Tag: identity mix-up

  • The Great Phone Number Mix-Up of 2023 (and Why I Still Answer to ‘Brenda’)

    The Great Phone Number Mix-Up of 2023 (and Why I Still Answer to ‘Brenda’)



    Brenda, is this a good time?” And you think, “Brenda? Who’s Brenda? Is this one of those AI scams?”

    The Wrong Number That Started It All

    Well, friends, that’s how my adventure into the wacky world of wrong numbers began. It was a Tuesday, or maybe a Wednesday (who can really keep track?), and the culprit was a particularly persistent telemarketer trying to sell me life insurance. Except, they weren’t trying to sell it to me. They were trying to sell it to Brenda.
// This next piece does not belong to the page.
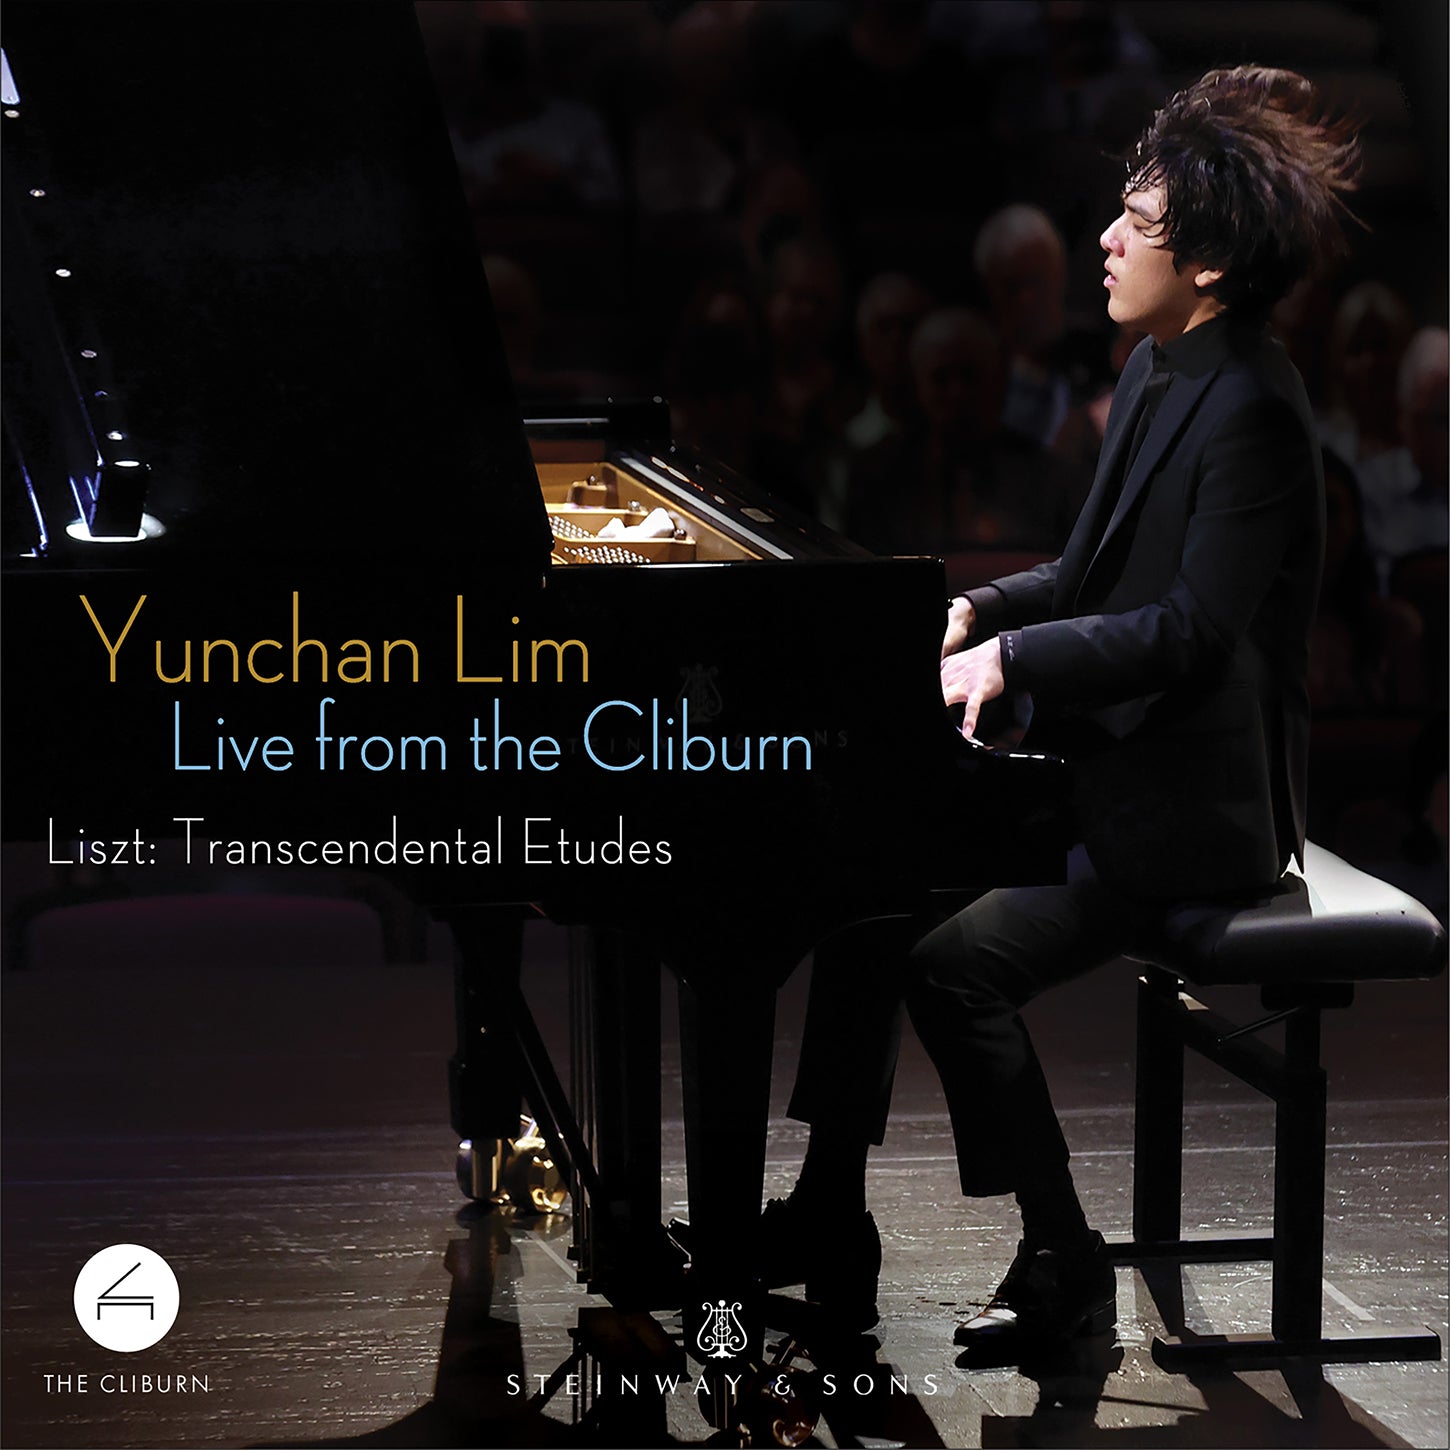 Yunchan Lim Live from The Cliburn - Liszt: Transcendental Etudes

    Now, I’m usually a pretty patient person, but after the fifth “No, I’m sorry, you’ve got the wrong number,” even I started to crack. I tried everything: explaining, politely declining, even resorting to a very convincing British accent (don’t ask). Nothing worked. They always came back, like telemarketing zombies, chanting “Brenda? Brenda?”

    The Case of the Misguided Pizza Delivery

    Things escalated quickly. Soon, it wasn’t just telemarketers. It was restaurant reservation confirmations, dentist appointment reminders, and even – I kid you not – a very confused pizza delivery guy holding a large pepperoni with extra anchovies (Brenda’s apparent order of choice).

  • The Great Phone Number Mix-Up of 2017 (and Why I Still Get Nervous Calls)

    The Great Phone Number Mix-Up of 2017 (and Why I Still Get Nervous Calls)






    Have you ever had one of those days where you feel like you’re living in a sitcom? Where the universe seems to be playing a cosmic prank on you? Well, that was my life for a solid year, all thanks to The Great Phone Number Mix-Up of 2017.

    The Case of the Missing Pepperoni (and Other Phone Number Misadventures)

    It all started innocently enough. I needed a new phone number – you know, the usual adulting stuff. Little did I know, this seemingly mundane task would plunge me headfirst into a world of mistaken identities, hangry callers, and enough pizza-related inquiries to last a lifetime.

    My first clue that something was amiss came a few hours after activating my new number. The phone rang, and an enthusiastic voice boomed, “Yo, I need a large pepperoni, extra cheese, and hurry it up!”

    Papa Joe’s Pizzeria?”

    And so began my reign as the unwitting recipient of calls meant for Papa Joe’s, a once-thriving (judging by the call volume) pizza joint.

    The Pizza Pilgrims and Other Wrong Number Tales

    The calls were relentless. Hungry customers, delivery drivers seeking directions, even other pizza places wanting to borrow a cup of mozzarella – all found their way to my line. I quickly learned the Papa Joe’s menu by heart, could recite their delivery radius in my sleep, and even became somewhat of a connoisseur of pizza-related complaints (“Sir, I’m truly sorry, but I can’t help you with your undercooked crust”).

    One particularly memorable call involved a group of tourists who were convinced I was holding their deep-dish hostage. Apparently, they had placed an order at the old Papa Joe’s location (now a laundromat, according to my intel), and were on a mission to claim their cheesy prize. It took all my persuasive powers (and a Google Maps search) to convince them they were on a wild goose chase.

    Life After Papa Joe’s: Why I Still Answer the Phone with Caution

    Eventually, the calls dwindled. Papa Joe’s faded into urban legend, and my phone number became my own again. But the experience left its mark. Even today, years later, I still answer the phone with a hint of trepidation, half-expecting to hear, “Yeah, can I get two slices and a Coke?”